How do I make you feel?
Maya Angelou once said: They may forget what you said, but they will never forget how you made them feel. Oh, that resonates with me: when I hear this, I immediately think of the people who have made an impact on me. For example, that high school teacher who always encouraged me with words such as "you will get there, you can do anything". And so, even before I had even started my career, I was already "set up for success," with that one comment! That teacher did well!

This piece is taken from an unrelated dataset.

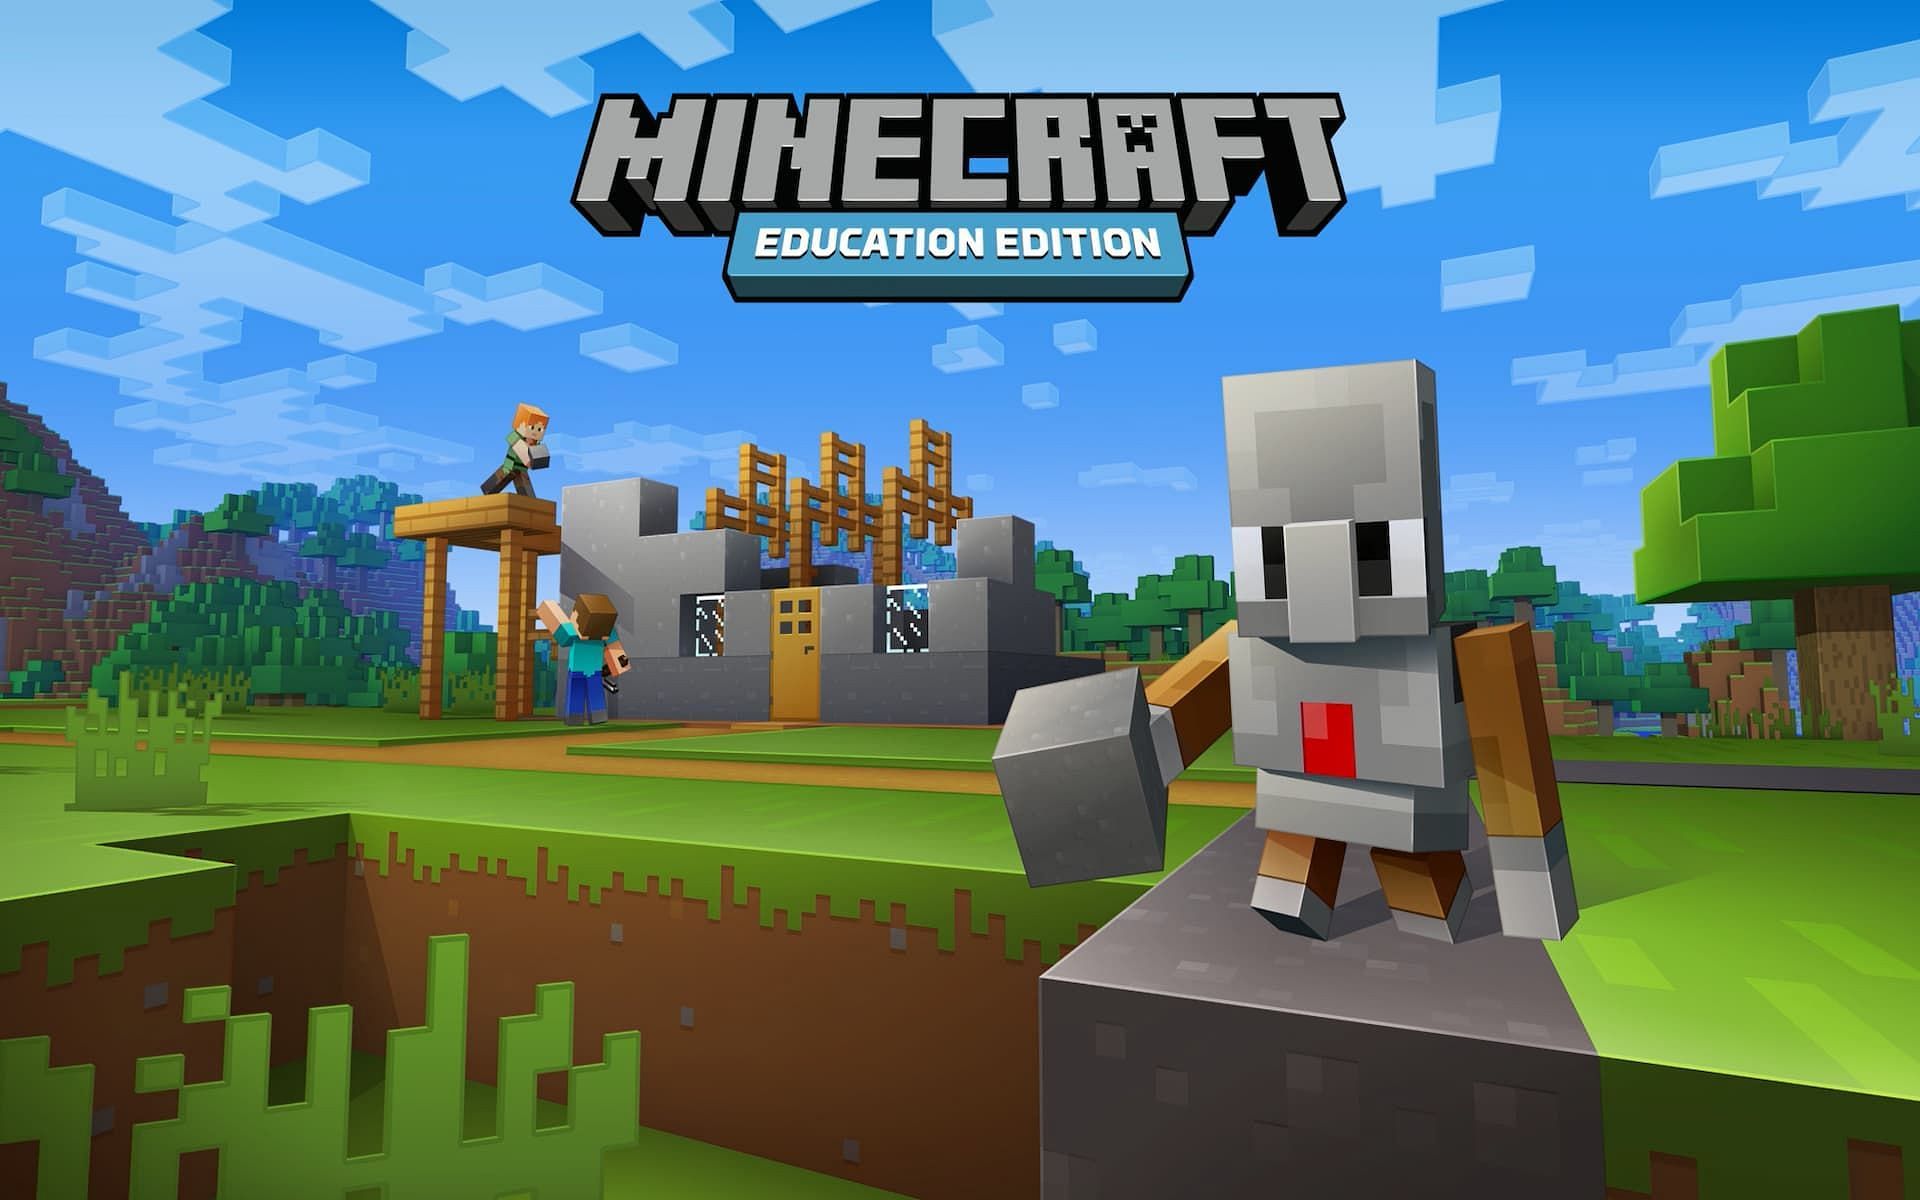 Learning can be fun with Minecraft Education Edition (Image via Mojang)

But there is also another kind of impact that lingers: there is a restaurant that I will never visit again, no matter how attractive the menu is. I was going to have lunch there with my sister just the other day. We were allowed to choose a table in the back after the table by the window where we actually wanted to sit turned out to be reserved. The Back room in the restaurant was completely empty, so we settled down on a table of our liking. "No not there, and if you just had waited for me, I could have told you that you are not allowed to sit there because that is for 4 people" we heard when we were well and truly installed in that empty back room of the restaurant. You understand, we got up and went to another restaurant, one that welcomed us, regardless of where we wanted to sit. They made us feel like valuable customers.
What do I do?
This is just a single example of how quickly someone can make you feel worthless with a small comment. Fortunately, you know how to deal with this: once you have read the blog of 27 August, you walk away and use the techniques that Marisa Peer how not to let this kind of criticism come in (see blog Feedback is your friend –but what if it isn't?). But this of course applies both ways. How often do I take the opportunity to make someone feel good about themselves? How often do I point out someone's value? It is so easy for me to comment on how things shouldn’t be done (e.g. about politics, about a company where I used to work, about the Amsterdam leasehold scheme (erfpacht) - just to name a few topics about which I can be quite outspoken).
My good intentions
I'm going to turn this around: every morning I will start to make a concious effort to think about what is going well. In my life, with my friends, with my family, with politics, with business, you name it. And I challenge myself to take every opportunity to intertwine this with the everyday conversations I have during the day. I am absolutely positive that, next to making the people around me feel better, I will also make myself feel much better! Win-win if I’ve ever seen one! ☺ Joining me?